Currently, Fla. Stat. § 768.295 is super anemic. It only applies to governmental entities. Florida has another Anti-SLAPP act that only applies to homeowners’ associations (but not condo associations). See Fla. Stat. § 720.204(4). As far as I know, § 768.295 has never been used. On the other hand, § 720.204(4) has been used exactly one time. (See Veranda Partners v. Giles) — and that didn’t get appealed, so it is a trial level court order in Orange County, Fla.

In other words, there is a reason that Florida is the most SLAPP-happy state in America.

Therefore, this is a pretty positive development in Florida.

Unfortunately, I am less optimistic than you might think. You see, Florida has a fantastic frivolous claims law now. Fla. Stat. § 57.105 is, textually, a powerful tool to use against frivolous claims, motions, and positions in litigation.

In 1999, the Florida Legislature strengthened § 57.105. That revision gave fees and costs to parties that prevail on a sanctions motion. The purpose was to “reduce frivolous litigation and thereby to decrease the cost imposed on the civil justice system by broadening the remedies that were previously available.” Wendy’s of N.E. Florida, Inc., v. Vandergriff, 865 So.2d 520 (Fla. 1st DCA 2003). Before the 1999 revision, a moving party had to show a complete absence of any justiciable issue of fact or law. That is a standard that really could never be overcome. But, the legislature’s update provided relief if there were “claims or defenses that are unsupported” or frivolous. Id.

In 2002, the legislature added in a safe harbor, which gave parties a chance to withdraw their unsupportable claims or defenses. See Bionetics Corp. v. Kenniasty, 69 So.3d 943, 949 (Fla. 2011), citing Maxwell Bldg. Corp. v. Euro Concepts, LLC, 874 So.2d 709, 711 (Fla. 4th DCA 2004).

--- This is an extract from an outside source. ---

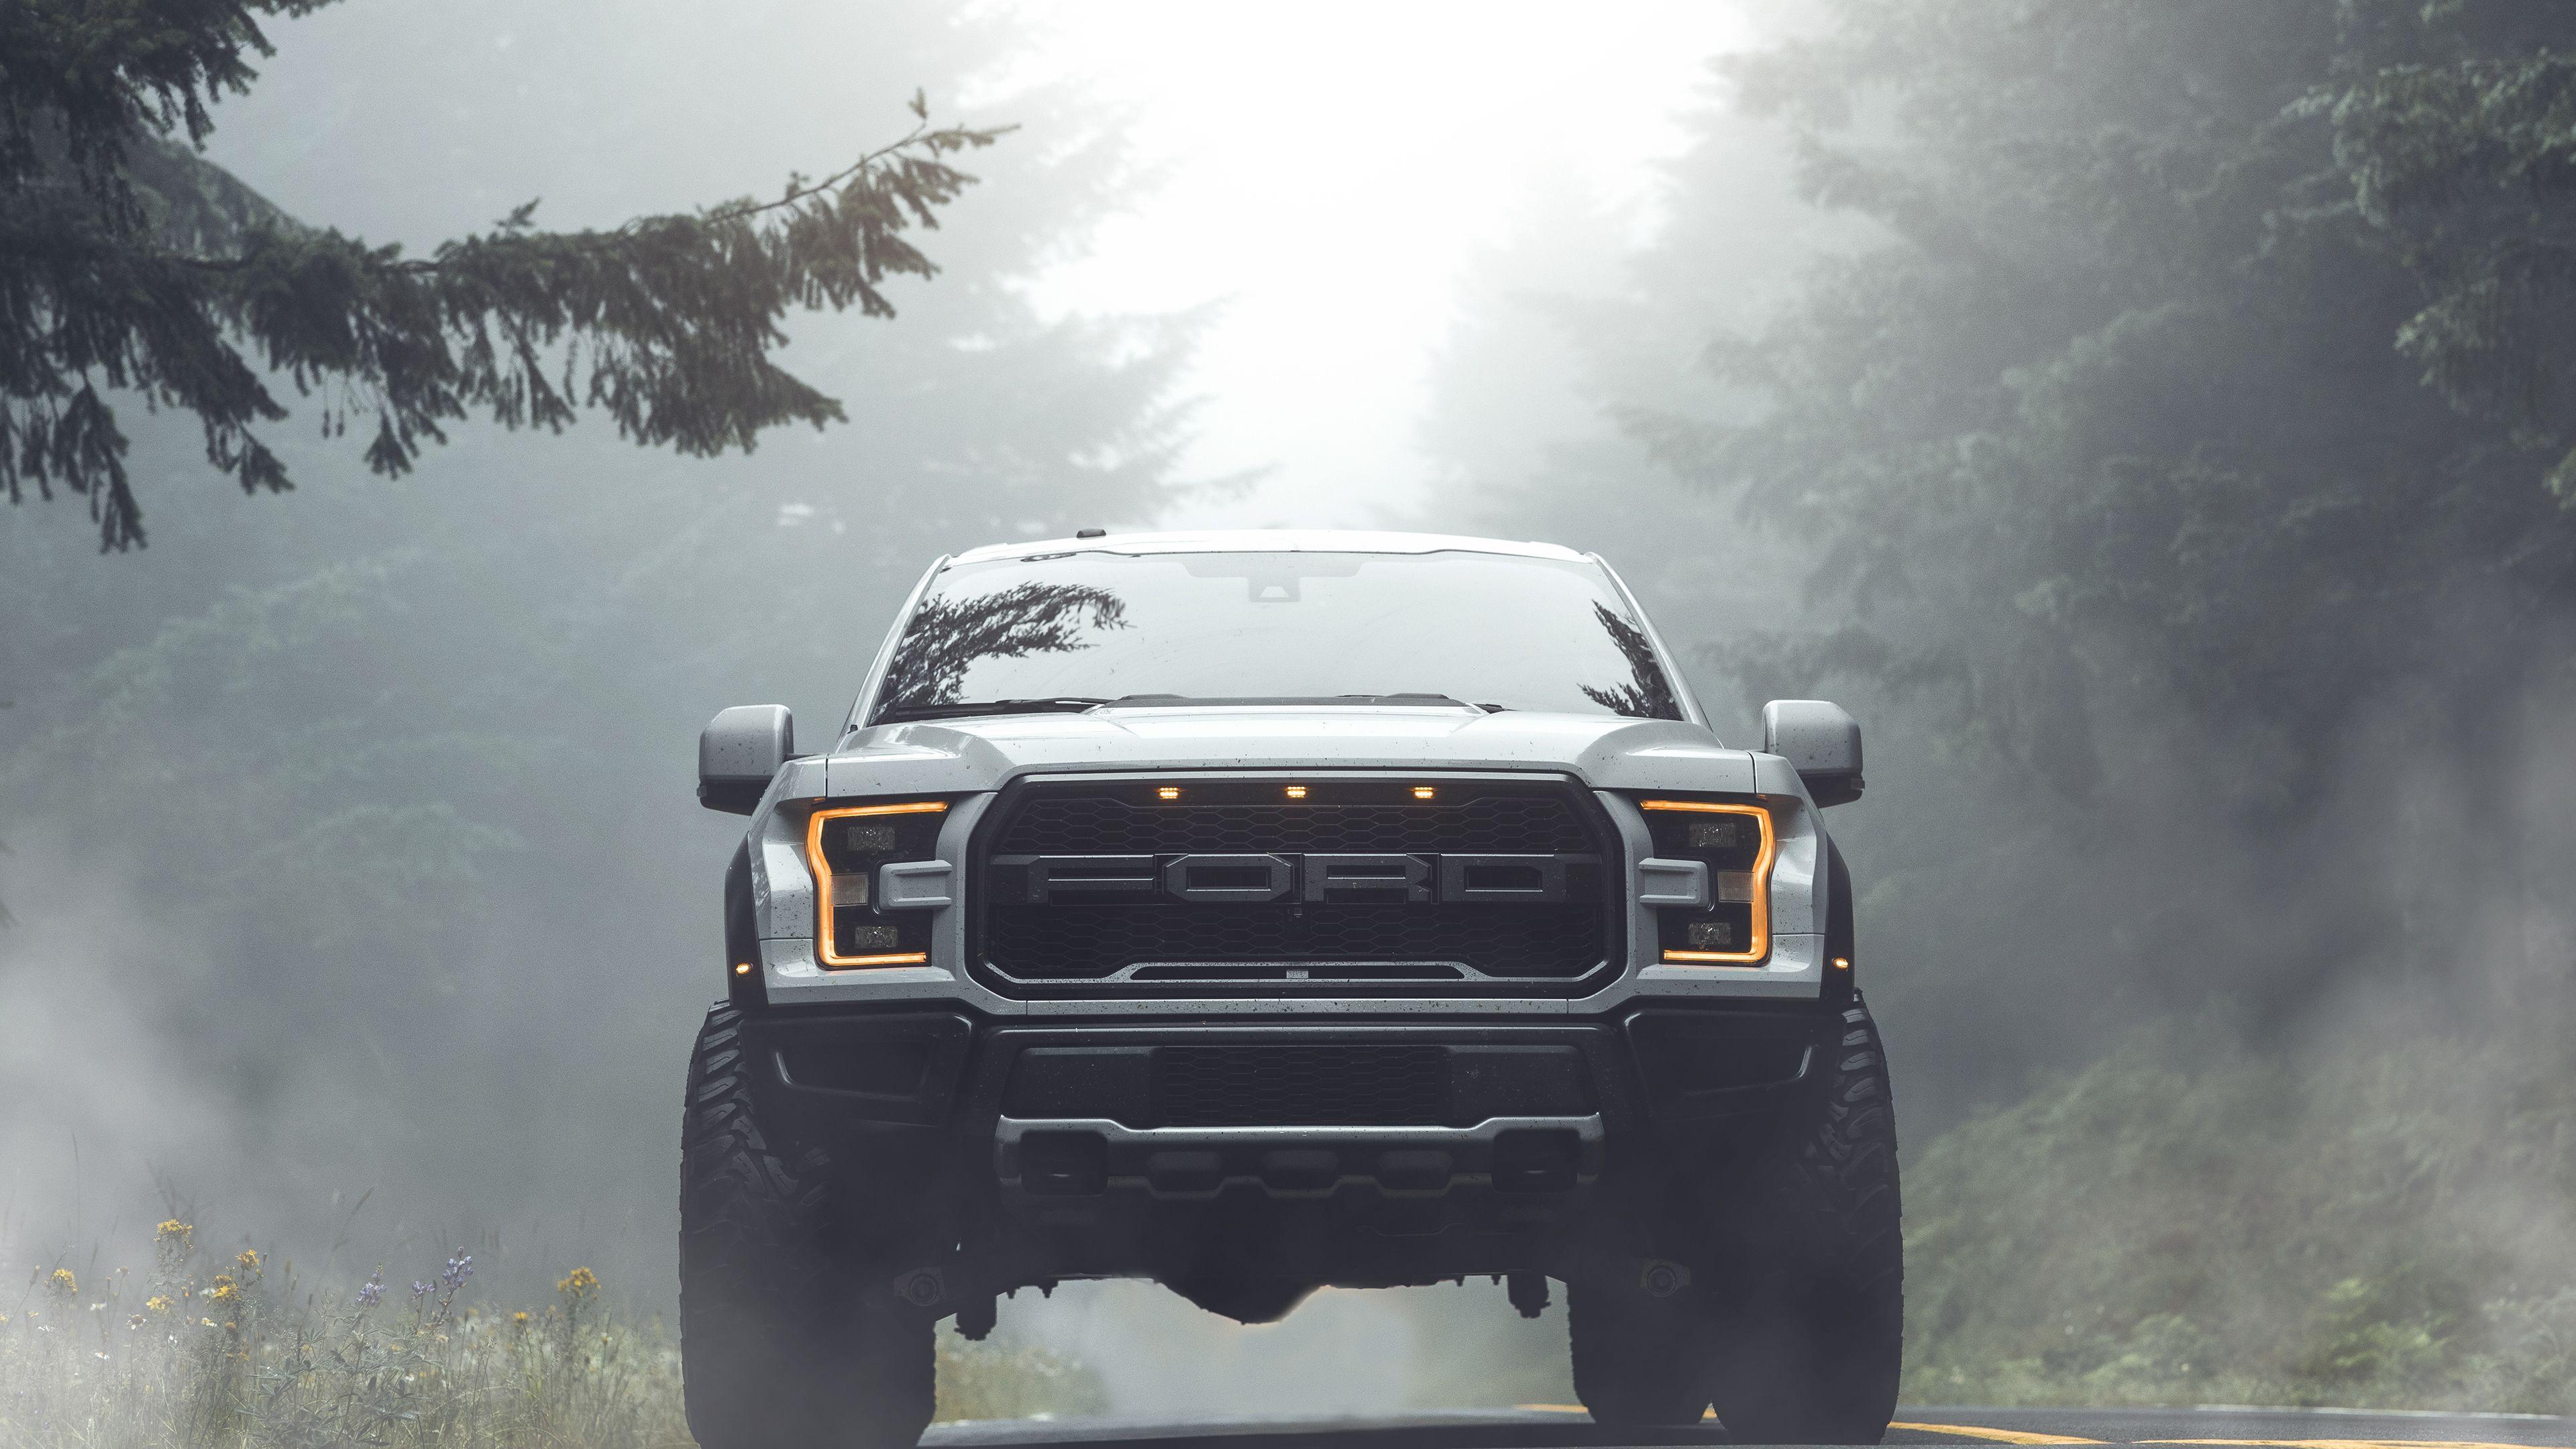 Ford Raptor Truck Wallpapers Top Free Ford Raptor Truck Backgrounds Wallpaperaccess

So, you see, Florida already has an Anti-SLAPP act of sorts. It doesn’t end the litigation early on, but it would if § 57.105 really existed. But, ask any Florida litigator how many times she has seen conduct that absolutely screams out for sanctions under § 57.105, and then ask her how many times she has seen them imposed. Lets just say that in Florida, they should be as common as squashed armadillos on Florida highways. Instead, you’re probably more likely to step in Florida panther shit than you are to see § 57.105 sanctions (there are 20-30 panthers left in the wild). And, if the party that stands to lose is represented by someone who donated to the judge’s election campaign, you might as well be talking about stepping in unicorn shit, dropped from a leprechaun blimp flying over a magic candy rainbow.

The Florida legislature can do whatever it wants to try and deter frivolous defamation claims. The rubber hits the road in Florida’s courthouses, and its elected judiciary is not very likely to deviate from how it has done things since before the days of air conditioning.

Therefore, unless Florida has an Anti-SLAPP law that provides for an interlocutory appeal with de novo review, it may as well not have one at all. The text of the current versions of the bill suggests the possibility that it could have such review, but it is not at all clear.

That all said, lets not take anything away from Senators David Simmons and Don Gaetz (both Republicans) or Democratic Representative Jared Moskowitz. The bill might not be perfect, and it might be doomed to irrelevance in most courthouses across the state. But, it is at least a step in the right direction from the last state in the union that I ever expected to do the right thing.